Personal information
- Date of birth: 12 February 2006 (age 20)
- Place of birth: Montreuil, France
- Height: 1.84 m (6 ft 0 in)
- Position: Forward

Team information
- Current team: Montpellier (on loan from Rennes)
- Number: 19

Youth career
- 2013–2019: Paris FC
- 2019–2021: RC Joinville
- 2021–2023: Rennes

Senior career*
- Years: Team / Apps / (Gls)
- 2022–: Rennes B / 54 / (7)
- 2025–: Rennes / 8 / (1)
- 2026–: → Montpellier (loan) / 1 / (0)

International career^{‡}
- 2022: France U16 / 5 / (1)

= Nordan Mukiele =

French footballer (born 2006)

Nordan Mukiele (born 12 February 2006) is a French professional footballer who plays as a forward for club Montpellier, on loan from club Rennes.

== Club career ==
Mukiele was born in Montreuil, France. He played for the youth teams of Paris FC and RC Joinville before joining the Rennes academy in 2021.

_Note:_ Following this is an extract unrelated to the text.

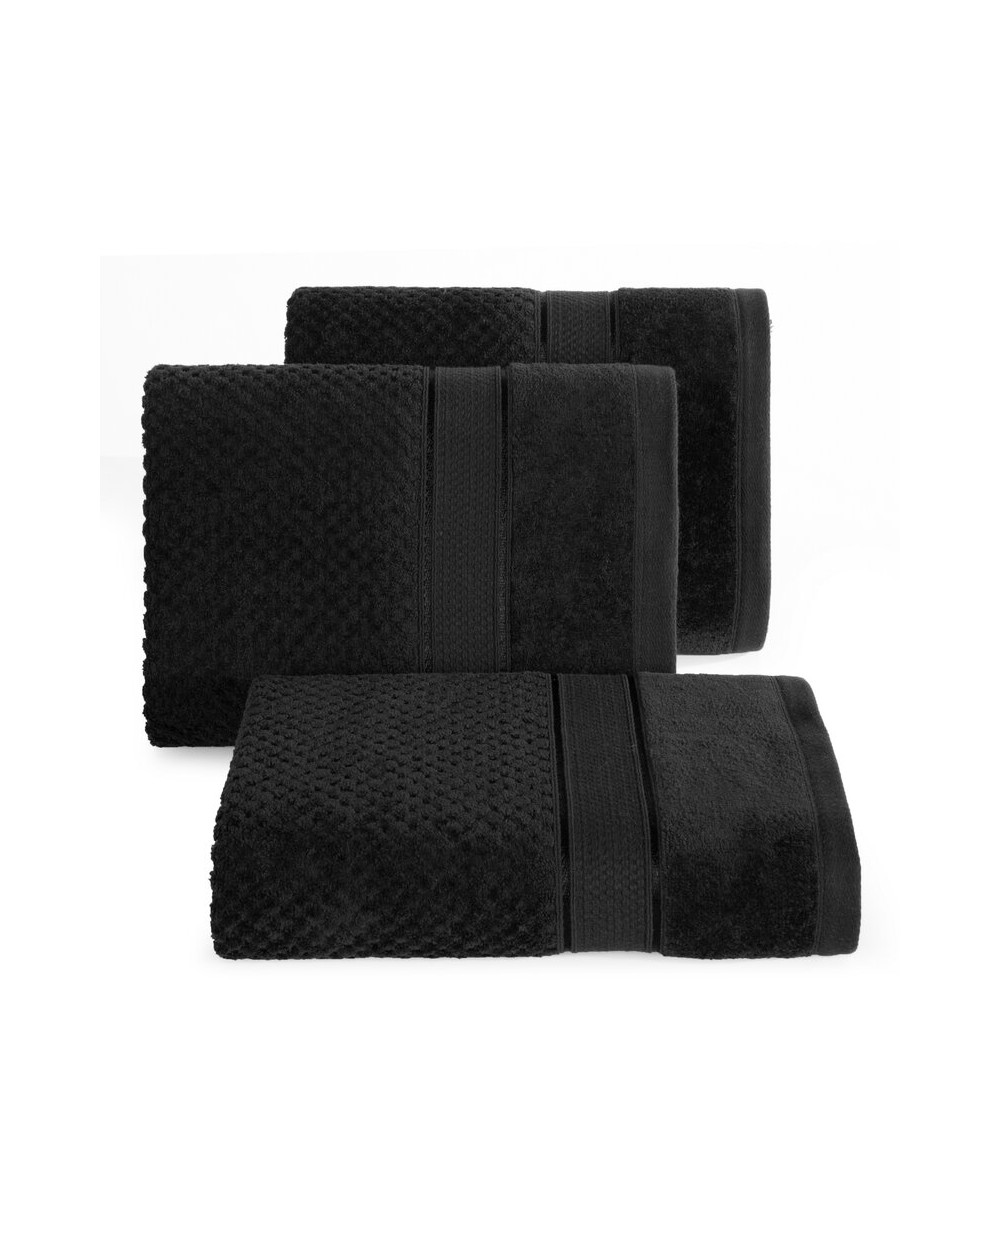 Ręcznik bawełna 50x90 Jessi 06 czarny Eurofirany

On 14 March 2024, Mukiele signed his first professional contract with Rennes, agreeing to a three-year deal until 2027. In June 2025, Mukiele signed a contract extension, prolonging his stay at the club until 2028. In July 2025, Mukiele took part in the professional team's summer preparation, featuring in a friendly match against Stade Briochin.

On 28 September 2025, he made his first team debut for Rennes, coming on as a second half substitute in a 0–0 draw against Lens in Ligue 1.

On 1 August 2026, Mukiele joined Montpellier on a season-long loan.

== International career ==
Between March and April 2022, Mukiele represented France at under-16 level, earning five caps and scoring one goal.

== Personal life ==
He is the younger brother of defender Nordi Mukiele.